Мое отношение к Ленину – это целый социальный срез советского общества 1950–1960-х годов. Я рос без отца. Отец нас оставил, когда мне было четыре года. Воспитывала мать. Все позволяла, чрезвычайно баловала меня. Это не пошло мне на пользу на сто процентов, скажем так. Я приучился к женской любви, к некоторым капризам и к отсутствию мужественности. Слава богу, мне в 20 с чем-то лет хватило сознания, чтобы это как-то скорректировать. Я стремился к отцу. Помню, у меня были альбомы, я вырезал картинки Ленина и их туда вклеивал. Потом, значит, было разоблачение культа личности Сталина, Сталин отскочил, слава богу, остался только Ленин. И Ленин очень долго для меня был вовсе не образцом государственного деятеля. Я рос во времена, когда не было масла, колбасы – ну что это такое? Почему ничего нет? Потому что крестьянство под нож пустили. Правда, коллективизация уже без Ленина проходила, но понятно, что он заложил основы. А вот эмоционально была какая-то привязка к нему. Поход в мавзолей один раз в жизни у меня был, он не произвел на меня никакого впечатления. Мне как раз показалось, что это абсолютное царство смерти, что я опустился в какой-то Аид. Я помню этот мрамор, какие-то мрачнейшие знамена...
На меня произвело впечатление, что его черты оказались на удивление азиатскими.

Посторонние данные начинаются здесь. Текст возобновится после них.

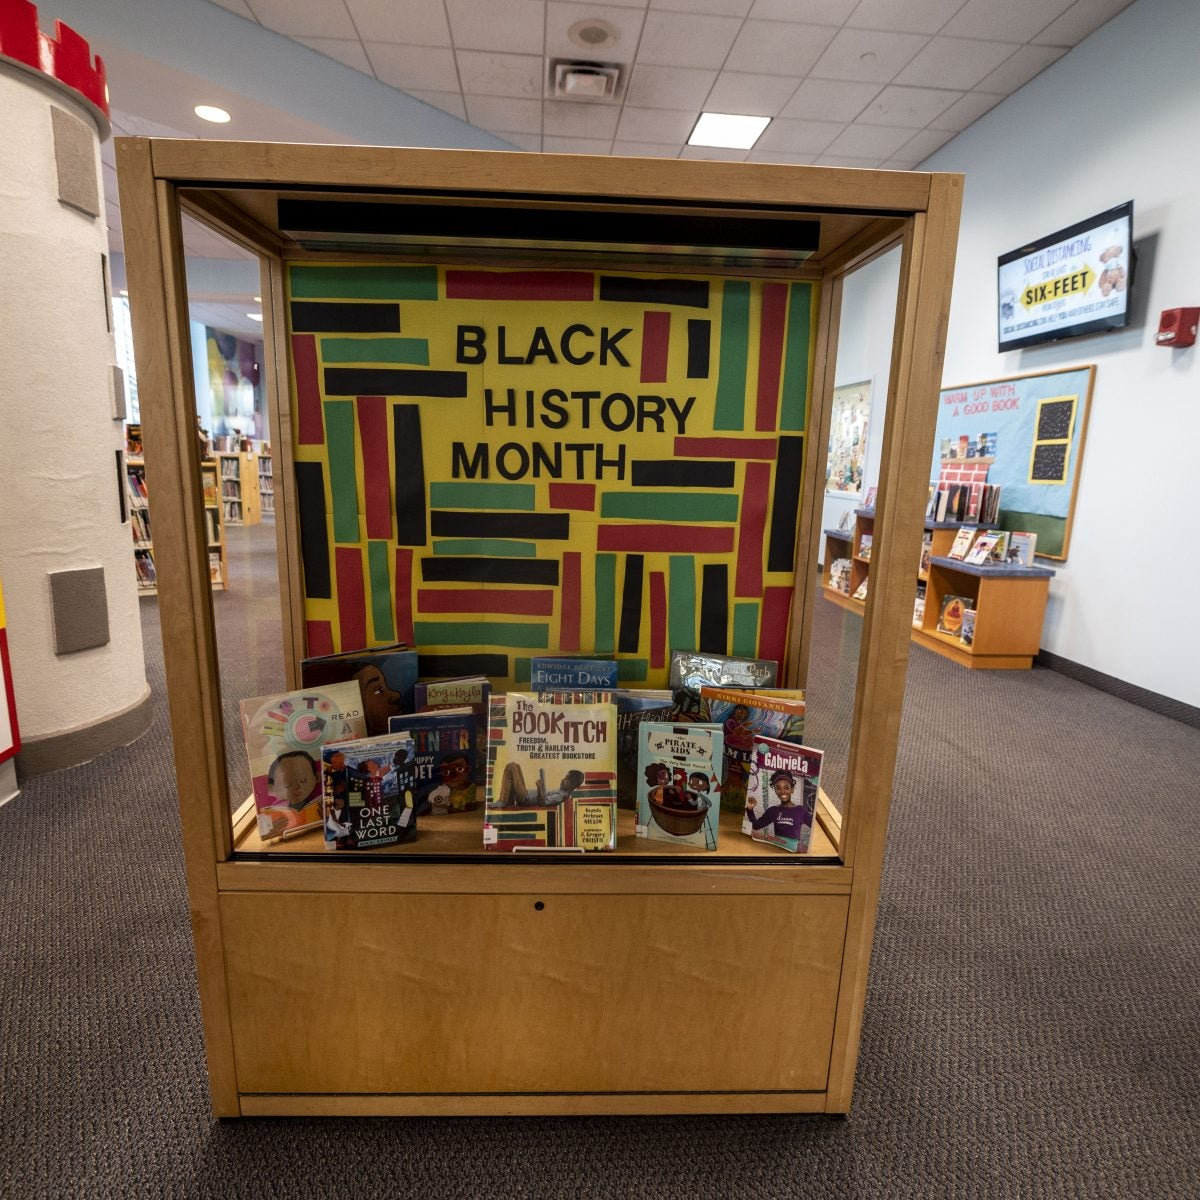 Utah Charter School Reverses Position on Black History Month Curriculum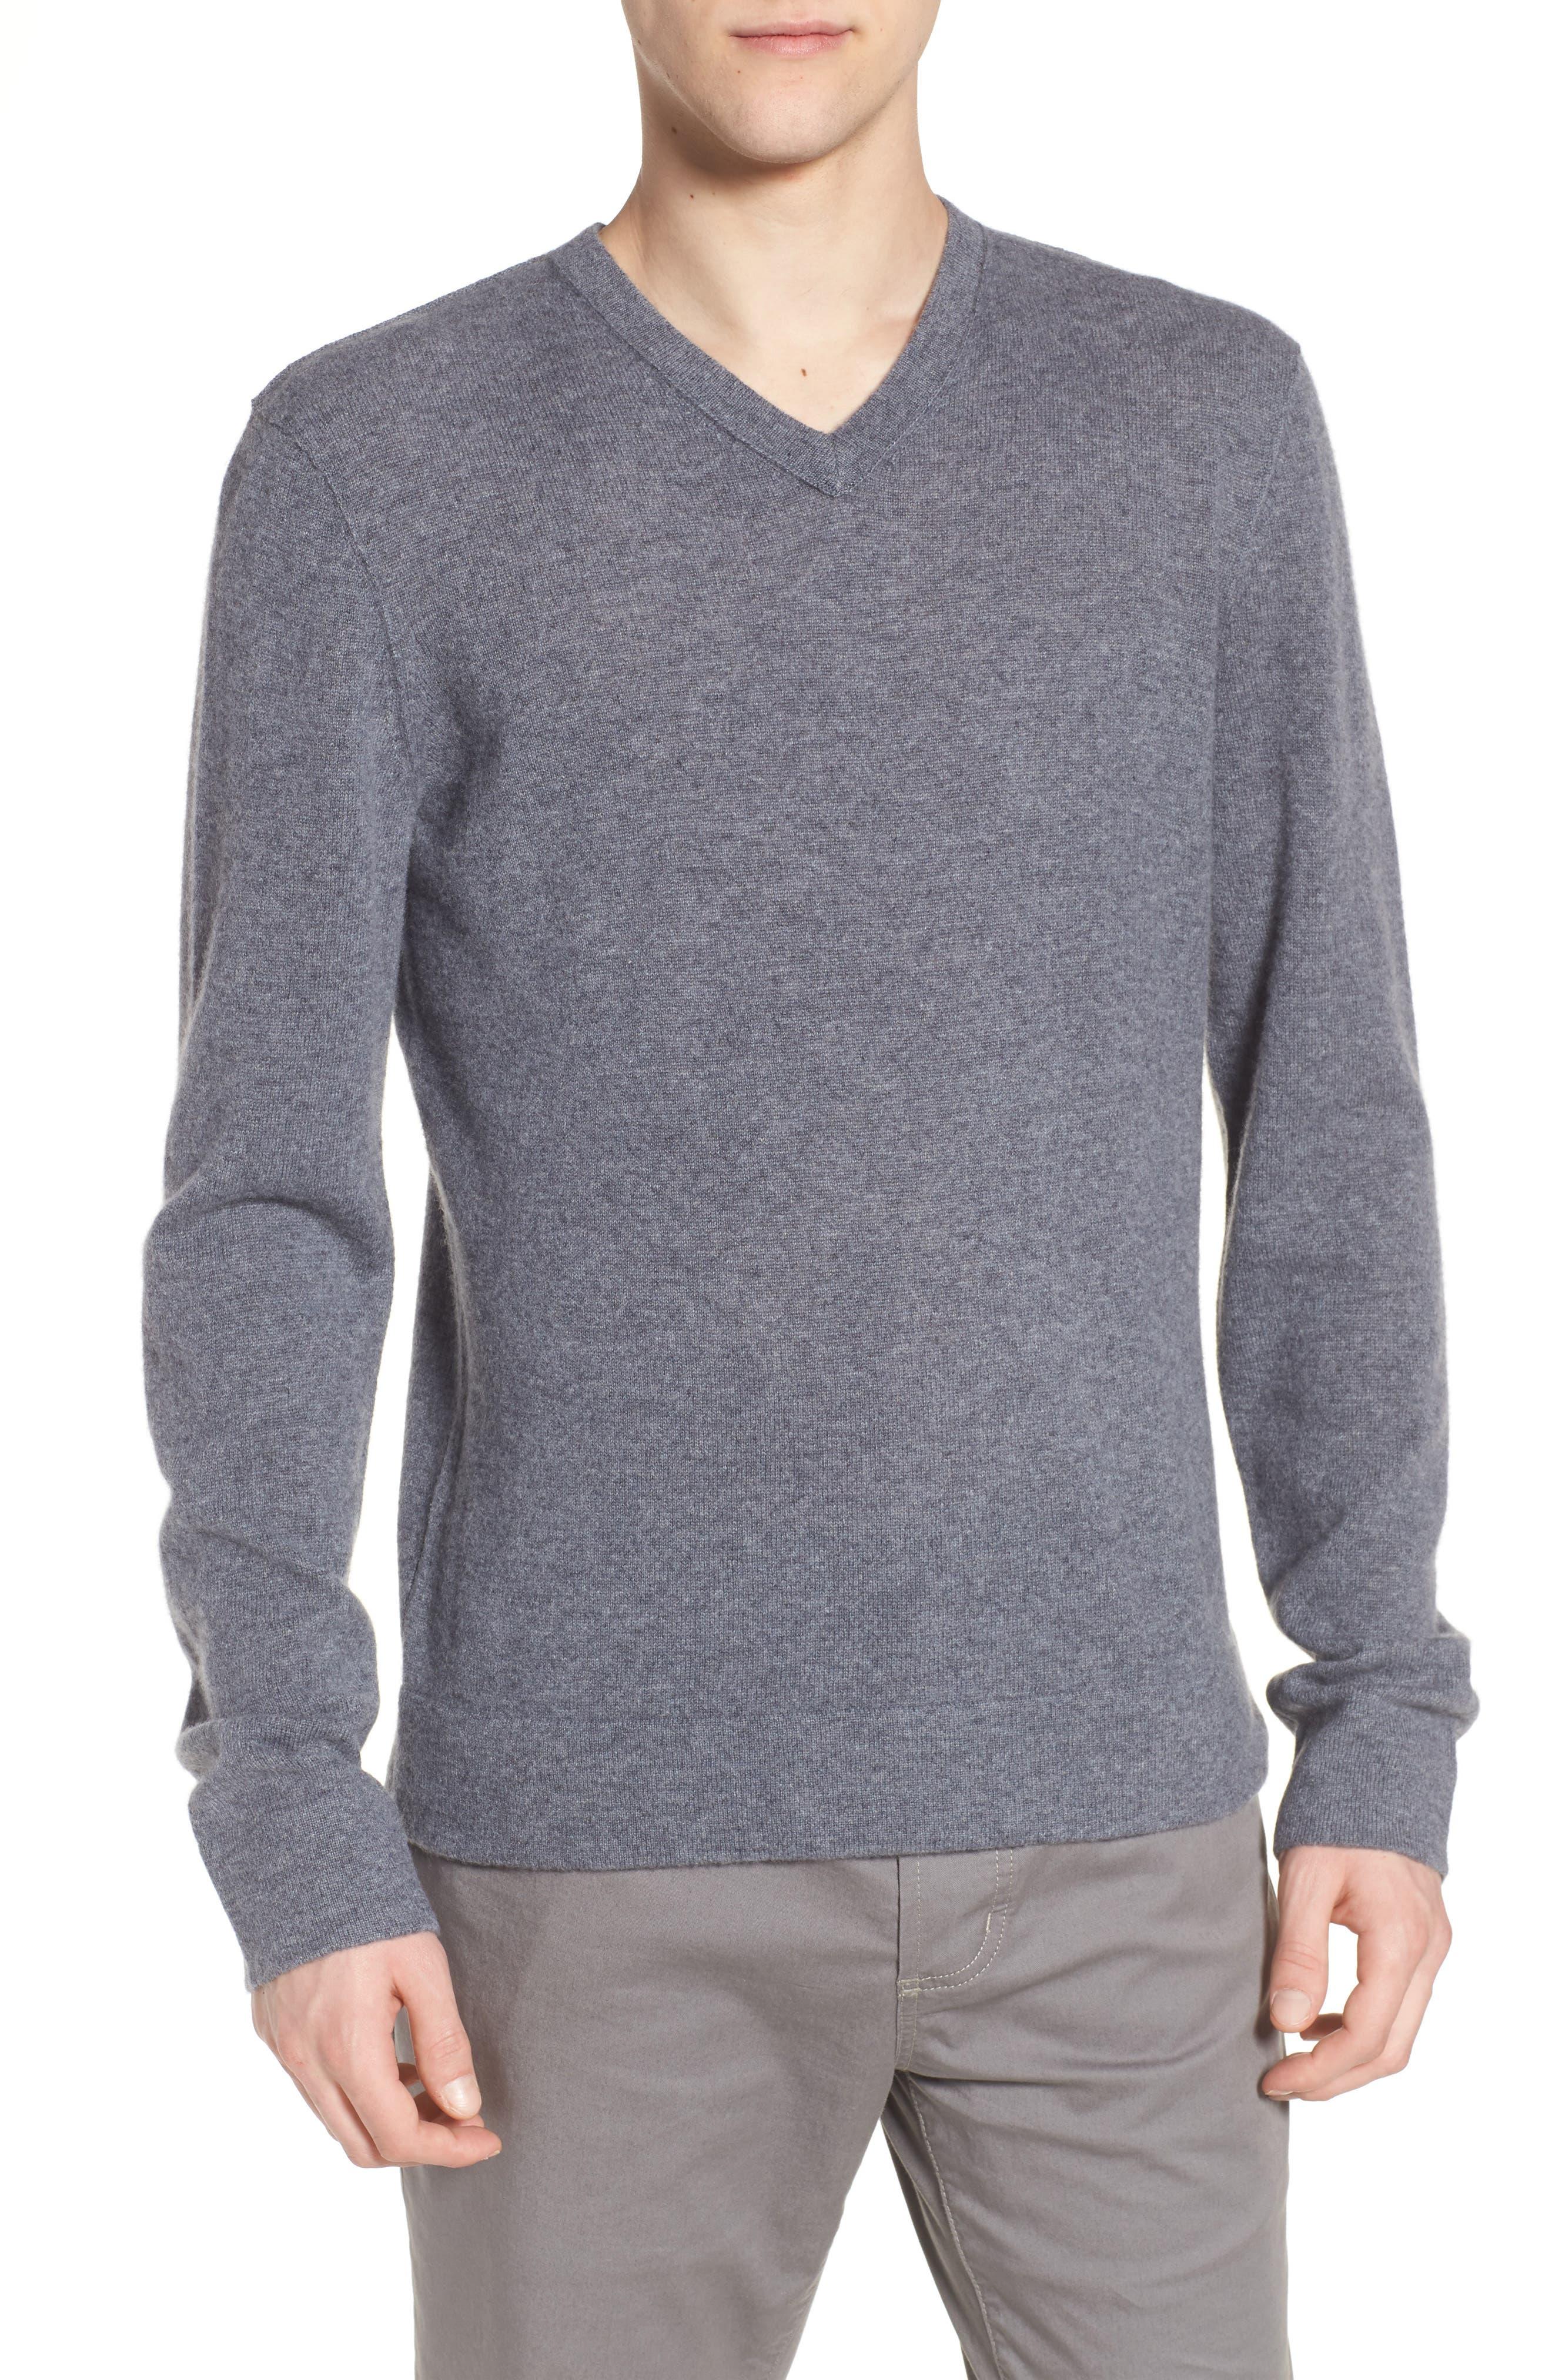 Alternate Image 1 Selected - James Perse Cashmere V-Neck Sweater

Когда меня туда привели, я не знал, что есть разные национальности. Все были одной национальности – космической. Конечно, азиат, это и по портретам Анненкова заметно. А вот этот мрак – это что-то противоестественное, очень тяжелое. Тем не менее Ленин как человек – как его изображали, с юмором, со слабостями, с человечностью – входил в противоречие с некоторыми фактами, которые я все больше и больше узнавал. И для меня некое теплое отношение, быть может, фальшиво теплое, быть может, от личной ситуации в семье, сохранилось даже до наших дней. Вот Сталина в семье проклинали. Проклинали молча. Все его замечательные дела, от присоединения Прибалтики до депортации народов. А главным образом уничтожение крестьянства, елки-палки. Основа русской жизни и русской культуры! А Ленин многого не успел – и плохого, и хорошего. Хорошее он тоже иногда делал, как нэп, и к нему, наверное, у меня до сих пор сохранилось какое-то тепло. Но сегодня я это тепло рационализирую тем, что Ленин страдал перед смертью. Удивительное посмертие Ленина описано в «Розе мира» Даниила Андреева. Это вообще поразительное сочинение. По-моему, самое крупное, что написано на русском в XX веке.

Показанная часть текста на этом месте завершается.